Magic: AI Deck Building

This talk explores building Magic: The Gathering decks using basic AI techniques like tf/idf to calculate card synergy and optimize deck composition without relying on large language models.

Overview
Tech stack
  • TF-IDF
    TF-IDF (Term Frequency-Inverse Document Frequency) is a statistical measure that quantifies a term's relevance in a document by multiplying its local frequency (TF) with its global rarity (IDF).
    TF-IDF is a core statistical method in information retrieval and text mining: it assigns a numerical weight to a word, signaling its importance within a document relative to a larger corpus. The calculation is direct: Term Frequency (TF) measures how often a word appears in the document, and Inverse Document Frequency (IDF) scales that value down if the word (like 'the' or 'a') is common across all documents. The final TF-IDF score emphasizes terms that are frequent in a specific document but rare overall (e.g., 'quantum' in a physics paper). This vectorization process is crucial for applications like building search engine relevance rankings and training machine learning models for text classification.
  • TensorFlow
    Google's open-source, end-to-end platform for building, training, and deploying machine learning models across all environments.
    TensorFlow is the open-source, end-to-end machine learning platform developed by the Google Brain team . It provides a comprehensive ecosystem of tools for model development: Keras simplifies high-level neural network construction, and TensorBoard offers visualization and debugging . The framework is engineered for scalability, supporting distributed training on powerful hardware like Google's custom Tensor Processing Units (TPUs) . Crucially, its ecosystem—including TensorFlow Lite for mobile/edge devices and TensorFlow.js for web browsers—ensures deployment flexibility, allowing models to run on servers, microcontrollers, or directly in a browser .
  • PyTorch
    PyTorch is the open-source machine learning framework: it provides a Python-first tensor library with strong GPU acceleration and a dynamic computation graph for building deep neural networks.
    PyTorch, developed by Meta AI, is a premier open-source deep learning framework favored in both research and production environments. Its core is a powerful tensor library (like NumPy) optimized for GPU acceleration, delivering 50x or greater speedups for complex computations. The key differentiator is its 'Pythonic' design and dynamic computation graph (eager execution), which allows for rapid prototyping and simplified debugging compared to static-graph frameworks. Leveraging its Autograd system for automatic differentiation, practitioners build and train models for computer vision and NLP; major companies like Tesla (Autopilot) and Microsoft utilize PyTorch for critical AI applications.
  • scikit-learn
    Scikit-learn (sklearn) is the essential Python library for efficient, production-ready machine learning, built on NumPy and SciPy.
    Scikit-learn (sklearn) is the industry-standard Python library, providing a unified API for efficient predictive data analysis.

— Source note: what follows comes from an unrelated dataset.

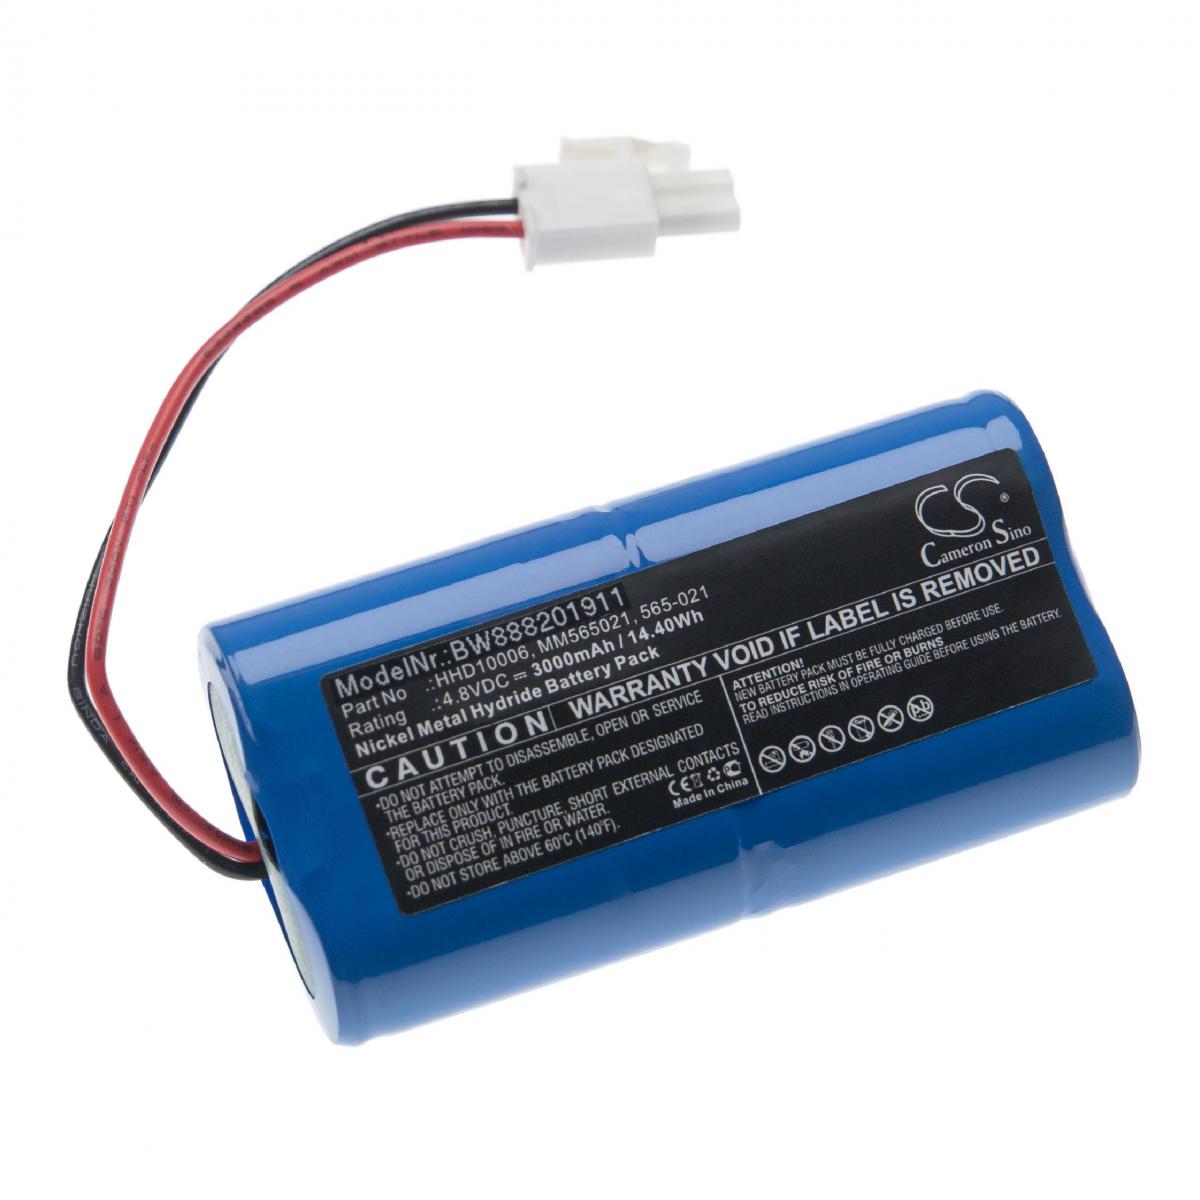 Vhbw - vhbw Batterie remplace Mosquito Magnet 565-021 REV A2, HHD10006, MM565021 pour piège à insectes, lampe anti-moustique (3000mAh, 4,8V, NiMH) - Autre appareil de mesure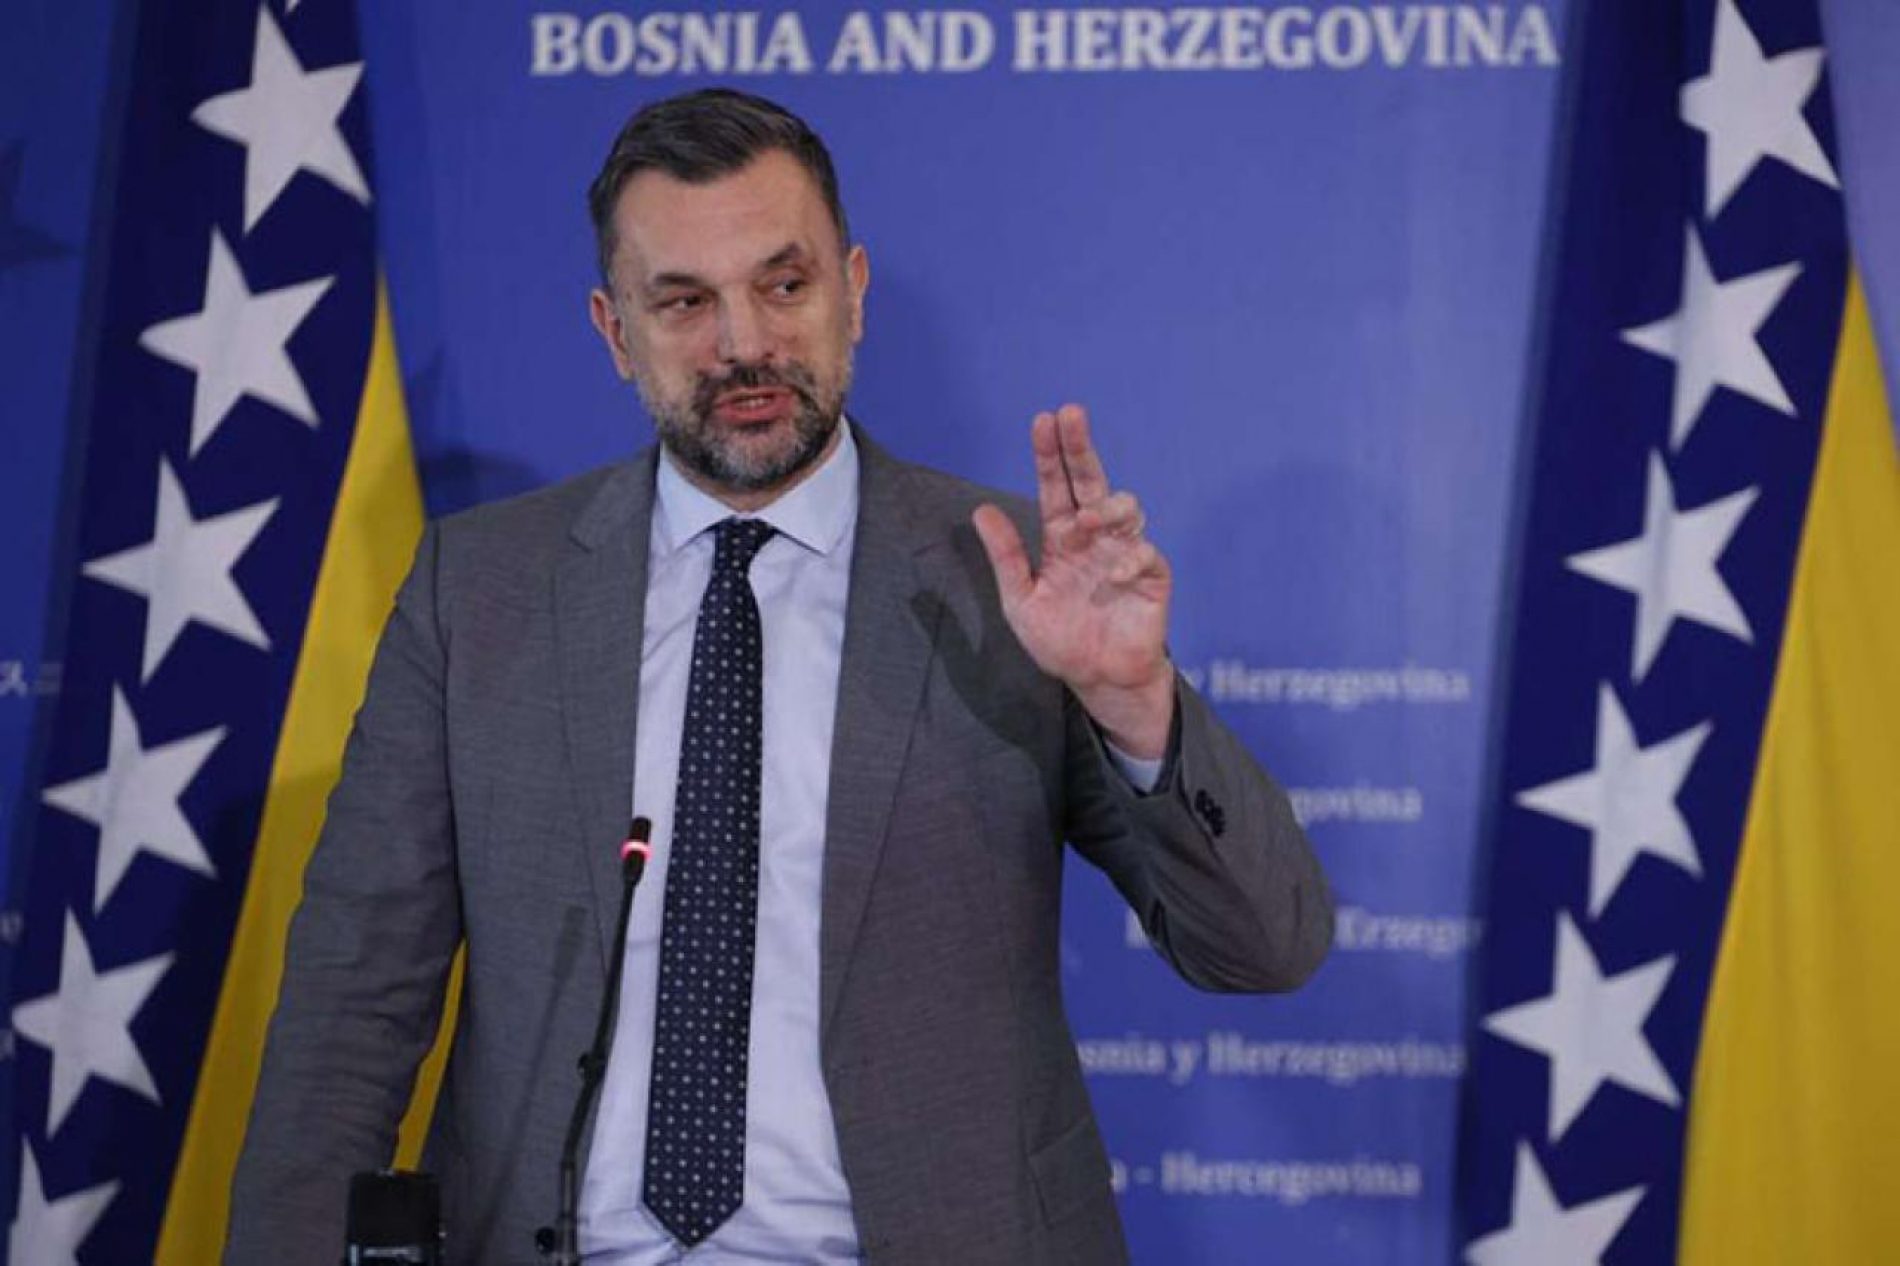 BH novinari: Konaković mora poštovati medijske slobode i prava novinara/ki

It delivers robust, open-source implementations of core machine learning algorithms: classification (e.g., Support Vector Machines, Random Forests), regression (e.g., Linear Regression), and clustering (K-Means, DBSCAN). Built on the foundational scientific stack (NumPy, SciPy), its consistent Estimator API simplifies complex data science workflows. Developers use it to quickly move from data preprocessing (StandardScaler) to model evaluation (accuracy_score) and pipeline construction in production environments.
  • Keras
    Keras is a multi-framework deep learning API (written in Python) that runs on top of JAX, TensorFlow, or PyTorch.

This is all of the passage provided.